There are optimal routes through the mayhem, but they have to be teased out over dozens upon dozens of repeat attempts. Eventually, you’ll reach the stage where you’ll find yourself waiting until the last possible second to rescue a human to keep your chain going as you weave through this deadly traffic. Until then you’re adapting, improvising, desperately trying to control the flow of enemies while attempting to prioritise threats. 

You could be forgiven for thinking it’s nothing more than pure chaos, but it’s meticulously organised chaos. Most of the time it’ll look like you’re winging it, and you often will be. But if you need some tips, you can watch replays of the best players from the leaderboard menu and see how it’s really done. 

It’s a lovely game to watch, too, the dashes adding dynamism to your character’s movement, the bright, colour-coded outlines ensuring the action stays readable even when things are exploding into hundreds, maybe thousands of voxels around you. Even the transitions between stages are glorious: the six worlds take place on huge, complex superstructures, which your hero navigates by jetpack. Sometimes they’ll dive down to a lower level, or climb way above the previous area; sometimes, they’ll zip over the side of a stage and it’ll flip 90 degrees as they touch down on the next. 

To some, six worlds (each comprising 15 sections) might seem a shade on the slender side, especially since a single run takes less than an hour. Beyond tackling the Arcade mode on higher difficulties, there’s an Arena mode for individual worlds, and variants where bullets and enemy spawns move faster, or where your score only increases while your human combo is still running.
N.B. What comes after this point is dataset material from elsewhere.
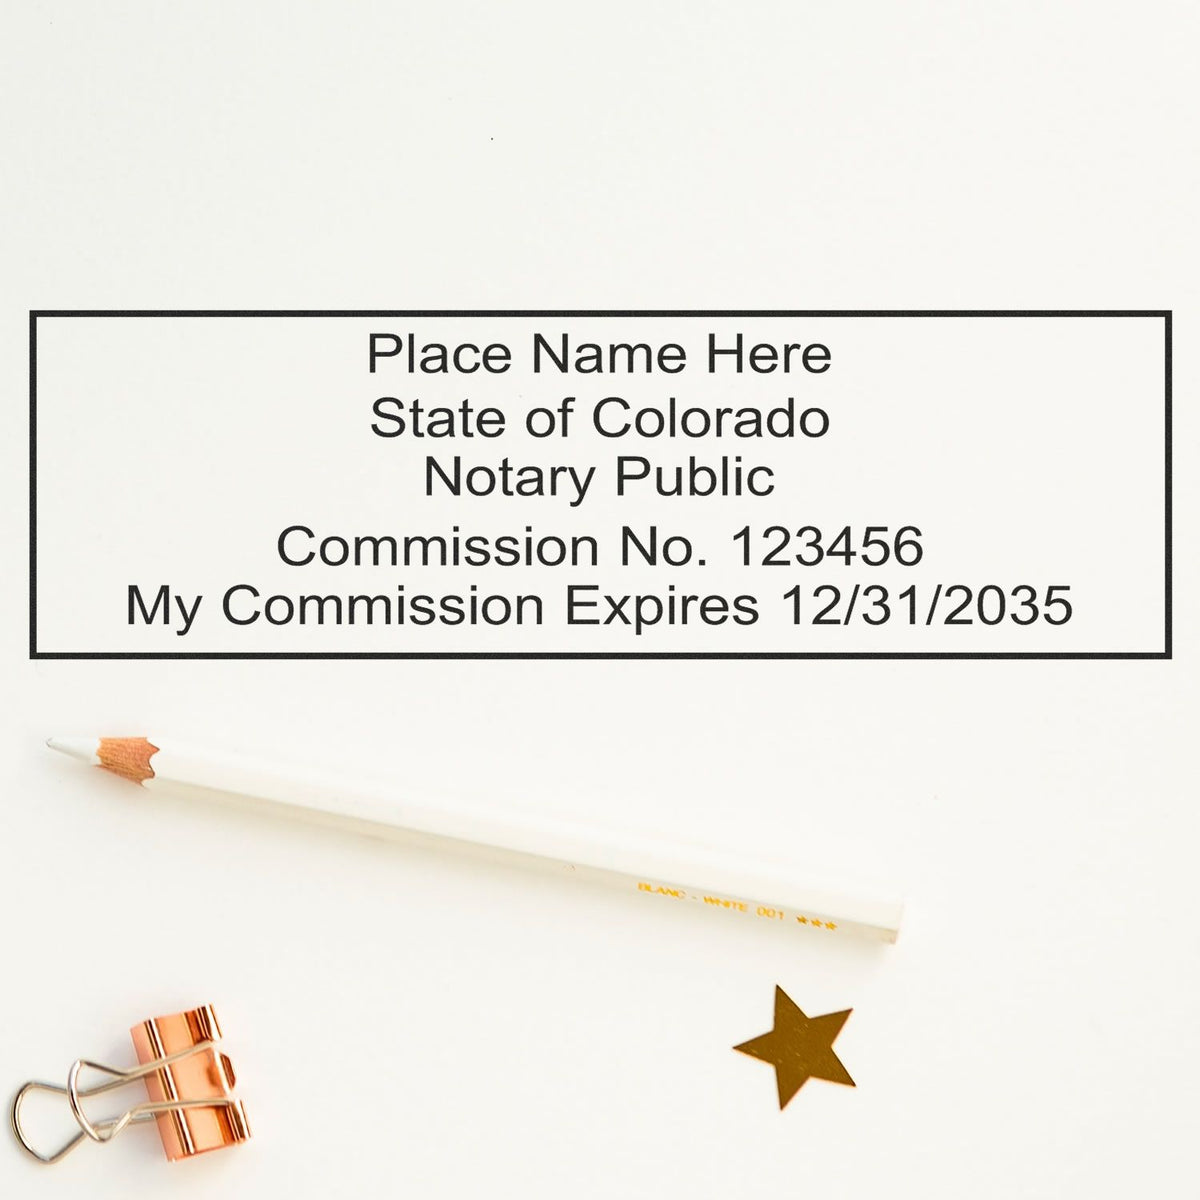 The Super Slim Colorado Notary Public Stamp stamp impression comes to life with a crisp, detailed photo on paper - showcasing true professional quality.
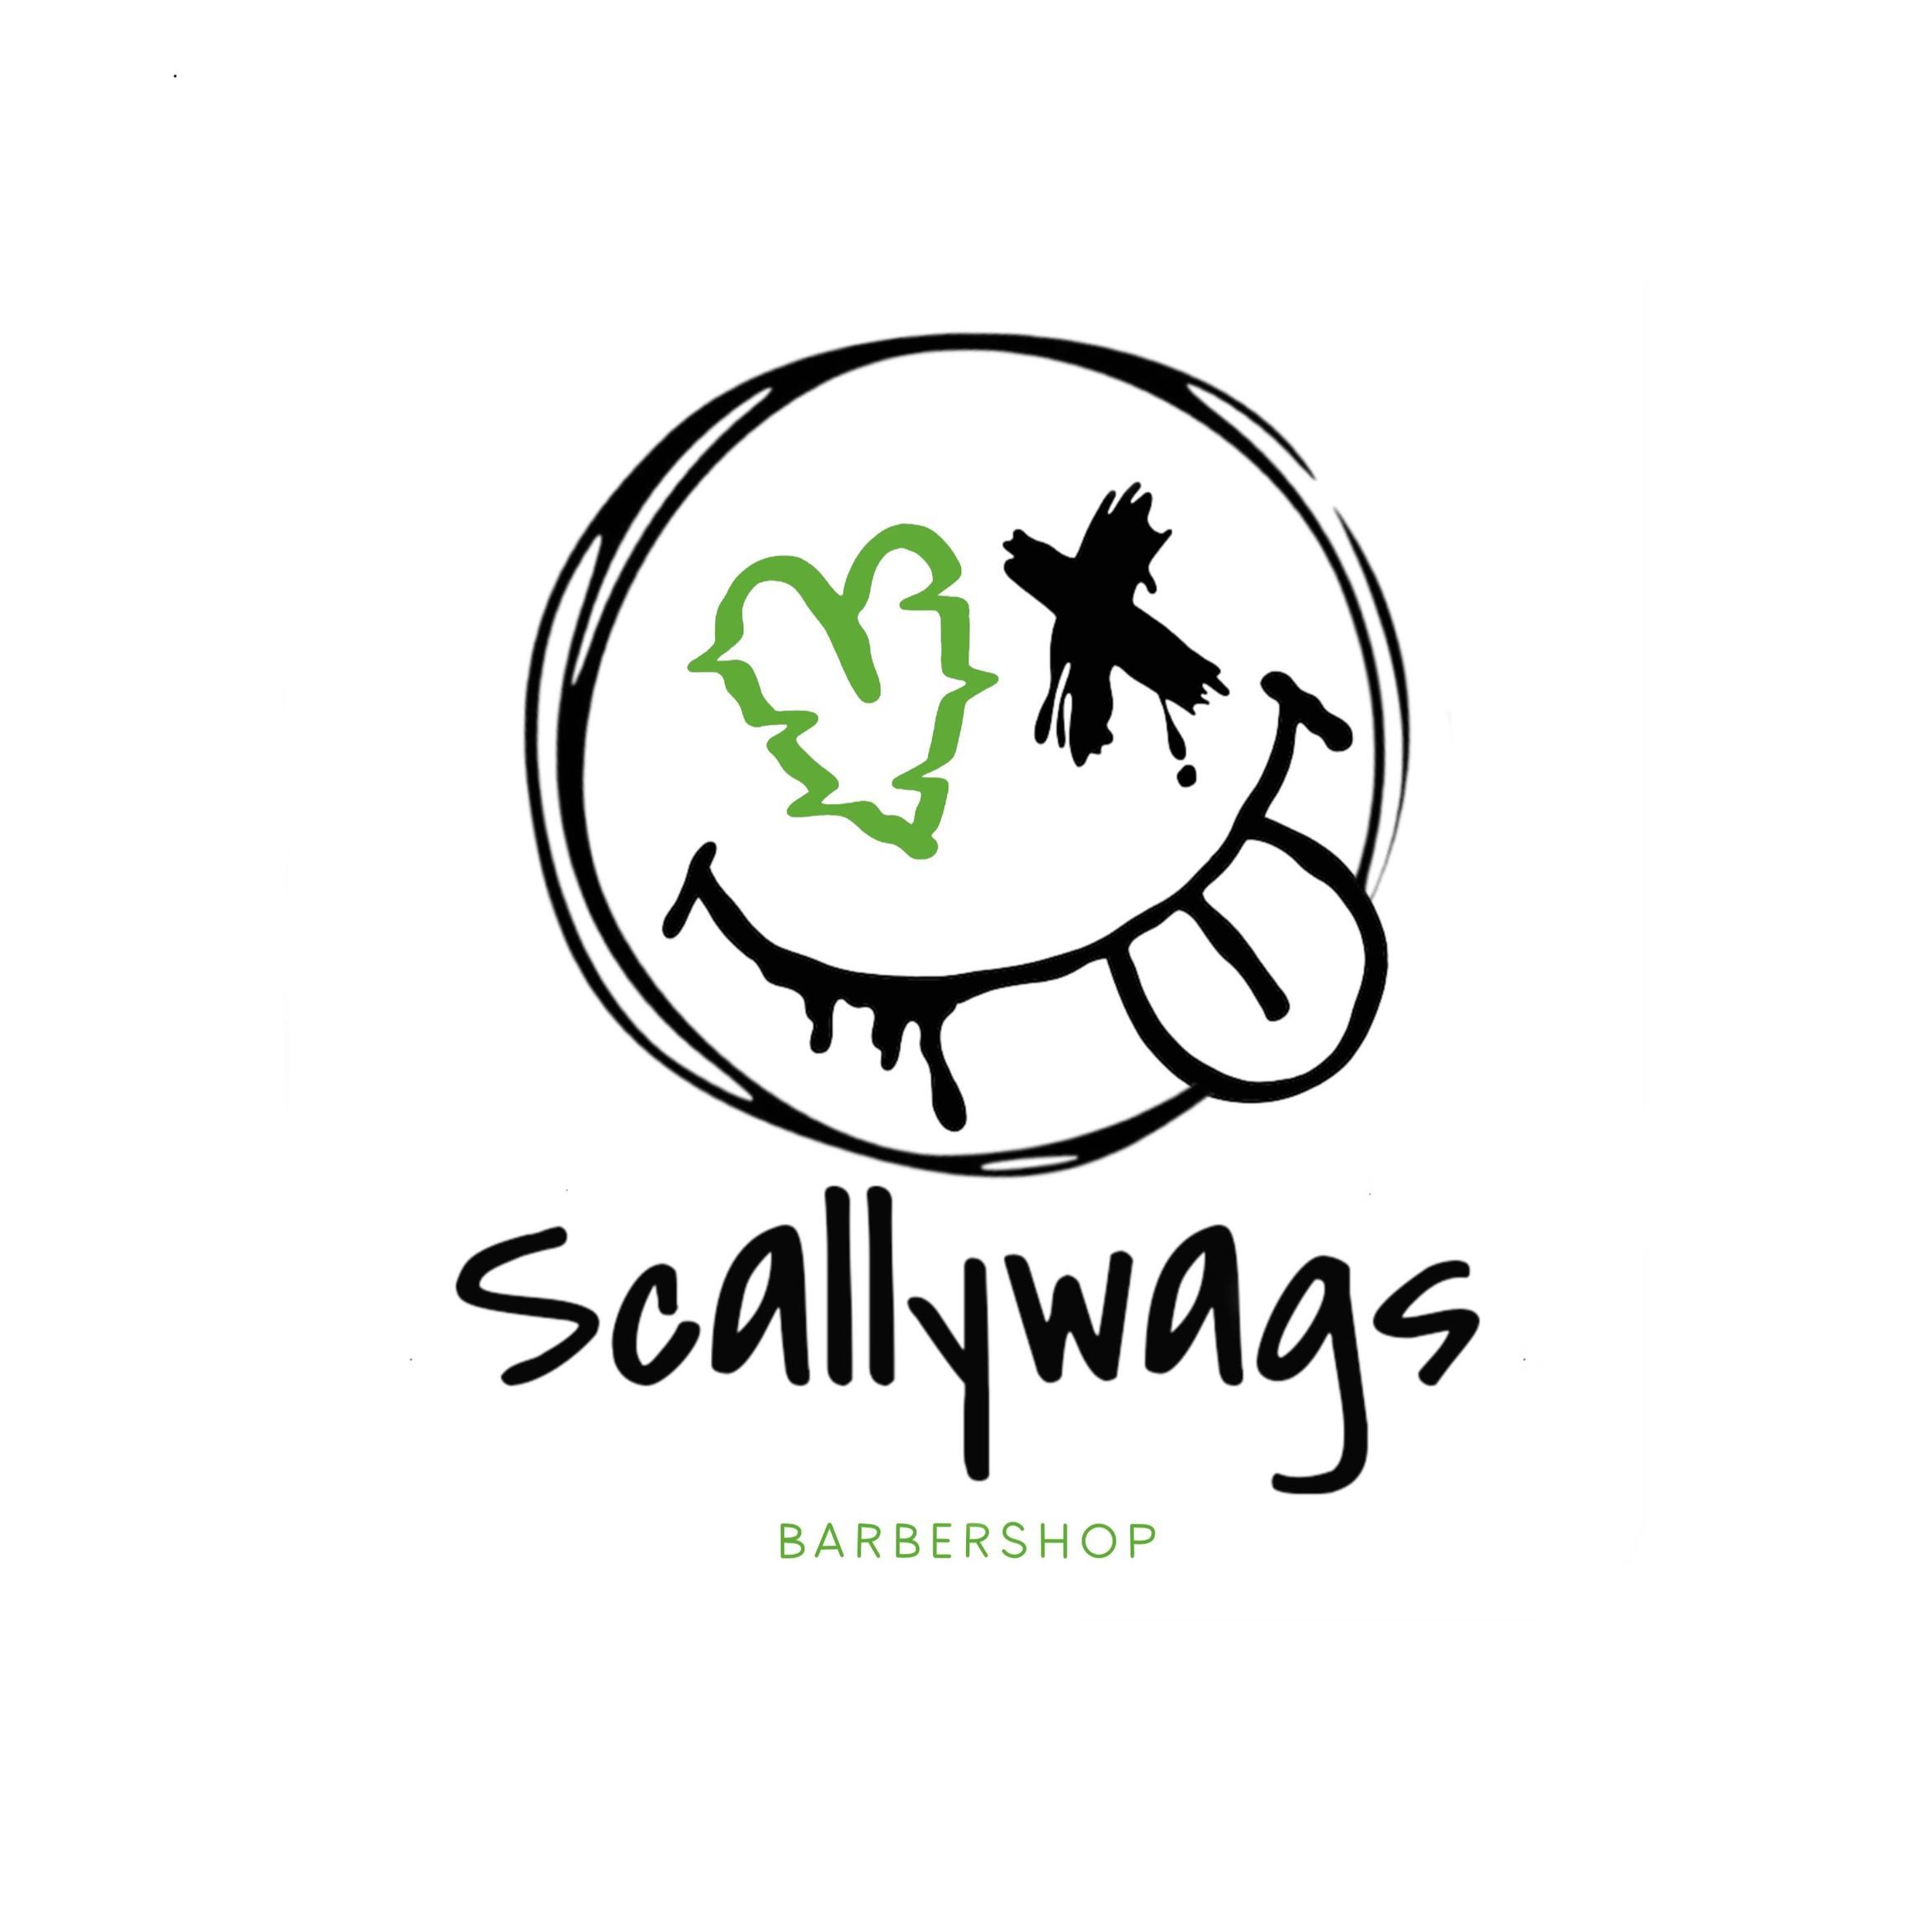 Scallywags Barbershop, 19 Westgate, LS24 9JB, Tadcaster

For the voracious consumer, who sees games only as something to devour rather than savour, that mightn’t seem like particularly good value. Everyone else, however, should buckle up and settle in for a breathless modern arcade classic that delivers more thrills per minute than almost anything else out there. 

The Verdict
Nex Machina

Slight in form, but deep and consistently satisfying. Nex Machina is a gem of a shooter.